Decision trees practice
What to measure?
- Entropy - measures the uncertainty of randomness in our data
- Gini index measures the probability of incorrect classification
- Both are used to evaluate how well a split separates classes
Practice
In our sample dataset we have - 3 setosa samples, 3 versicolor samples, 4 virginica samples
To calculate entropy:
$$ -\sum(p * \log_2(p)) $$ where $p$ is probability of each class. So for each class
- setosa: $-(\frac{3}{10} * log_2(\frac{3}{10}))$
- versicolor: $-(\frac{3}{10} * log_2(\frac{3}{10}))$
- virginica: $-(\frac{4}{10} * log_2(\frac{4}{10}))$
Then sum calculated values to get final entropy.
To calculate Gini: Formula is: $1 - \sum(p^2)$, where $p$ probability of each class.
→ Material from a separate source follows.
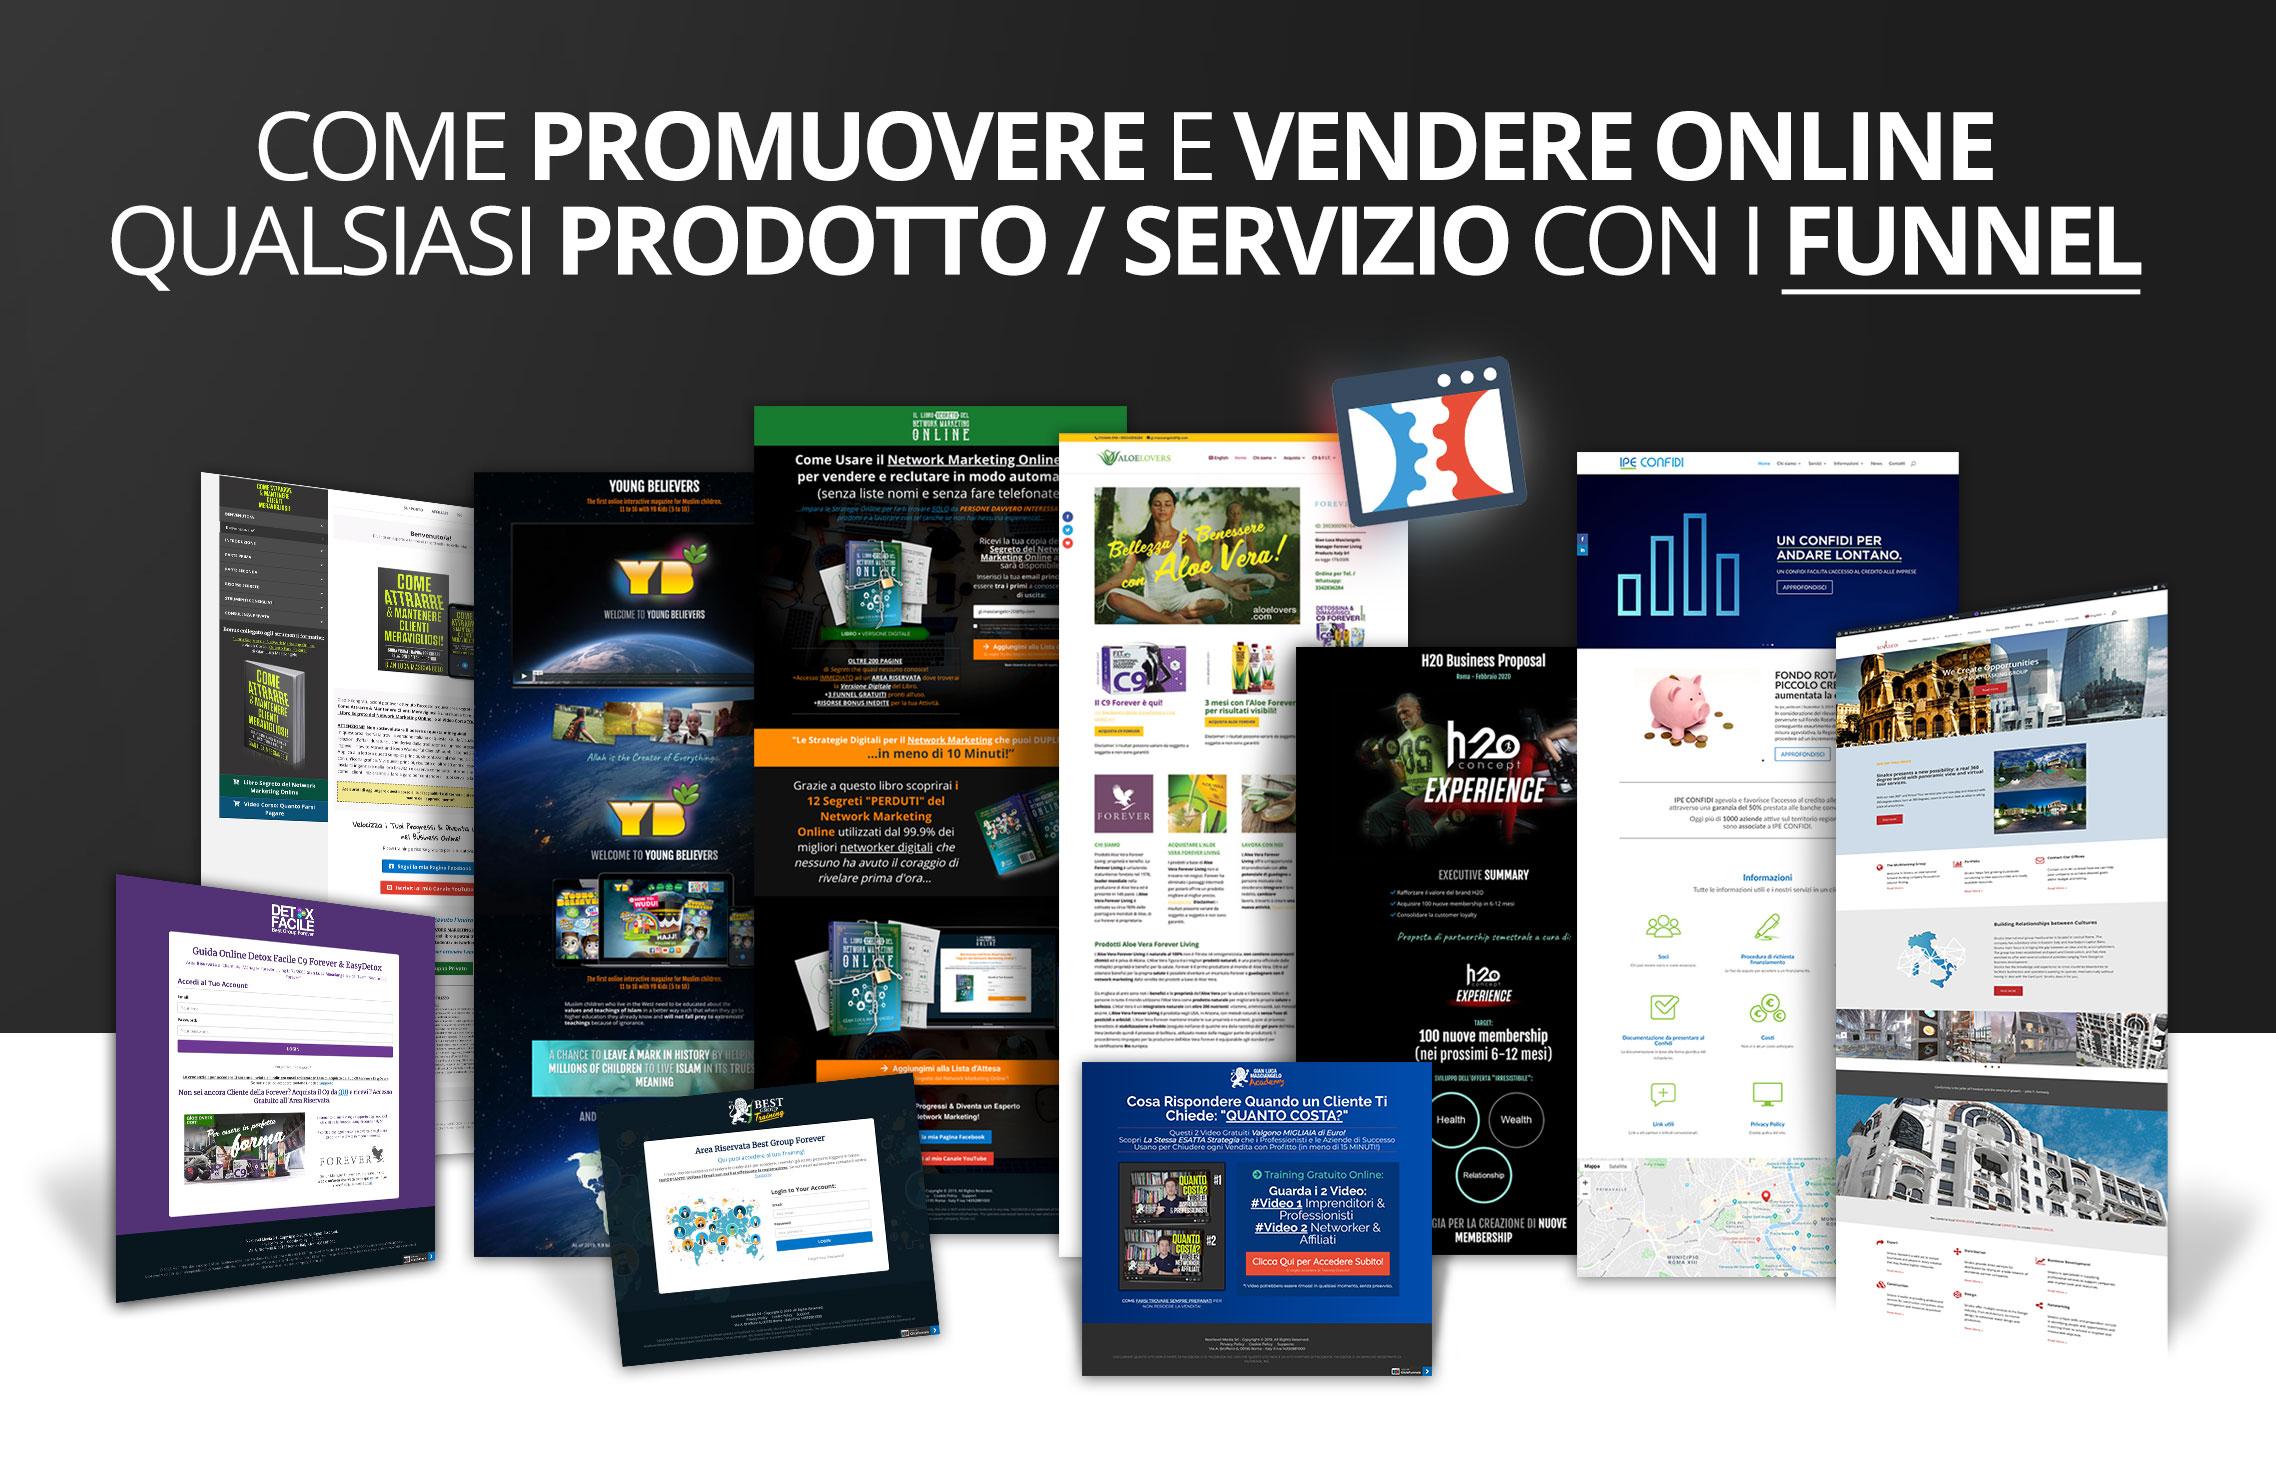 Funnel-marketing-nextlevel-media-roma
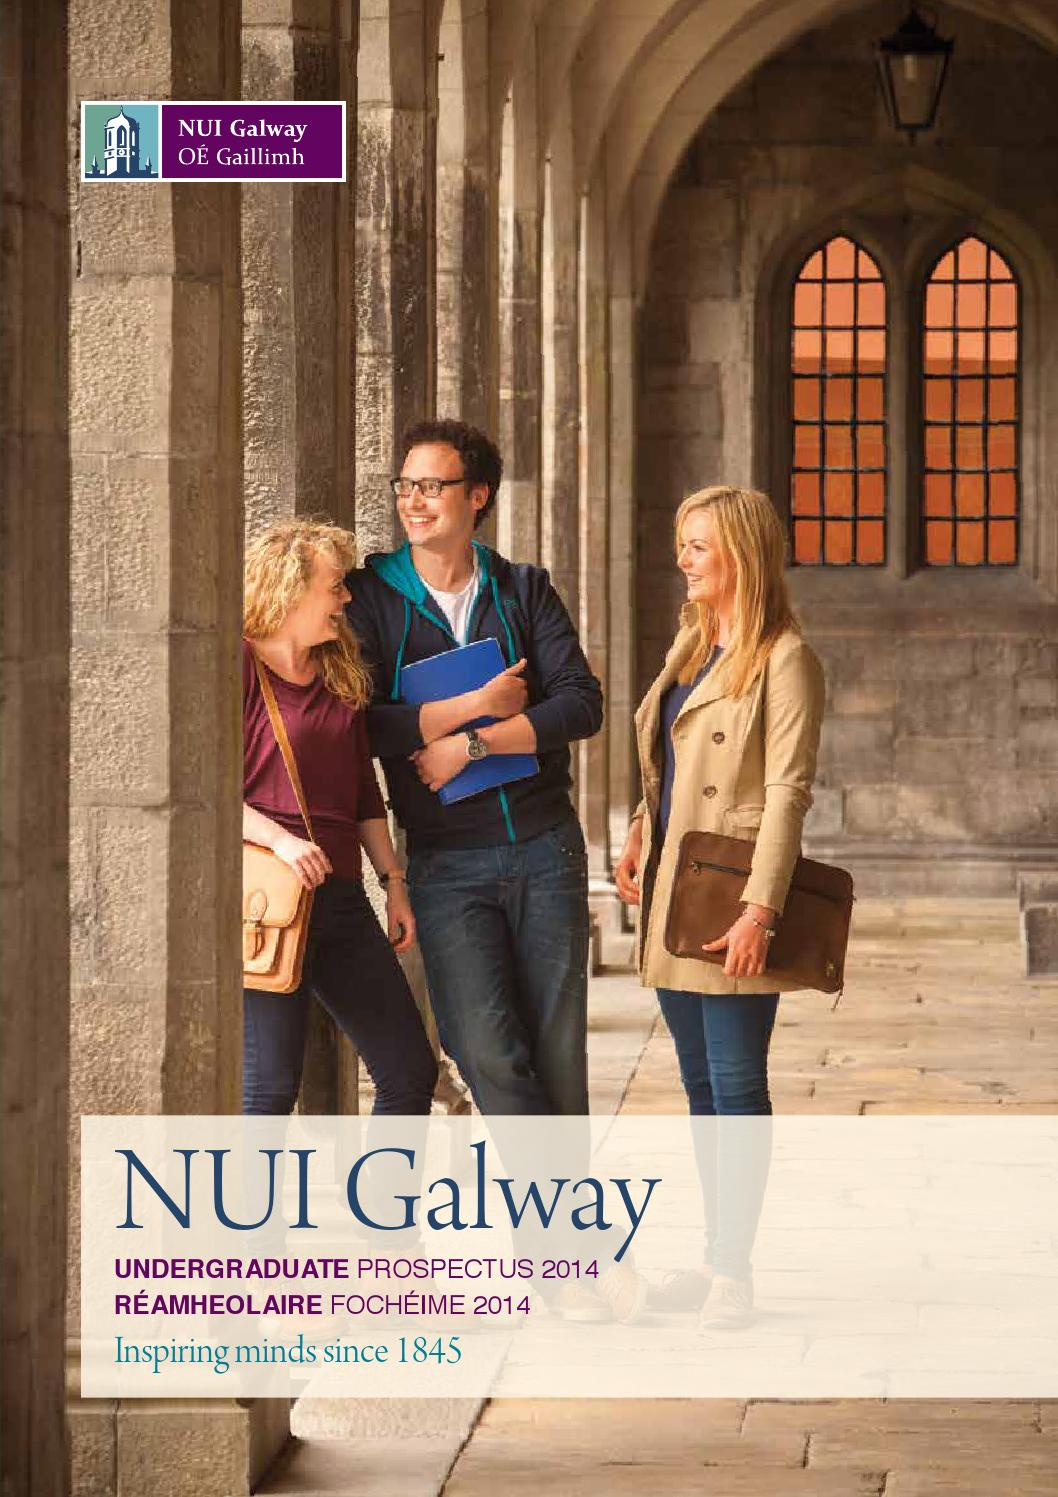 2014 Nui Galway Undergraduate Prospectus By Je Cairnes School Of Business Economics Issuu

For each class
- setosa: $(\frac{3}{10})^2$
- versicolor: $(\frac{3}{10})^2$
- virginica: $(\frac{4}{10})^2$
Then subtract sum from 1 to get final gini index
decision-trees-practice.py
import pandas as pd
from math import log2
data = {
'species': [
'setosa', 'setosa', 'setosa',
'versicolor', 'versicolor', 'versioclor',
'virginica', 'virginica', 'virginica', 'virginica'
]
}
df = pd.DataFrame(data)
class_counts = df['species'].value_counts()
total_samples = len(df)
probabilities = class_counts / total_samples
print("Dataset Distribution")
print(class_counts)
print("\nProbabilities")
print(probabilities)
entropy = -sum(p * log2(p) for p in probabilities)
print(f"\nEntropy = {entropy:.4f}")
gini = 1 - sum(p ** 2 for p in probabilities)
print(f"\nGini = {gini:.4f}")
The output of code above:
Dataset Distribution
species
virginica 4
setosa 3
versicolor 2
versioclor 1
Name: count, dtype: int64
Probabilities
species
virginica 0.4
setosa 0.3
versicolor 0.2
versioclor 0.1
Name: count, dtype: float64
Entropy = 1.8464
Gini = 0.7000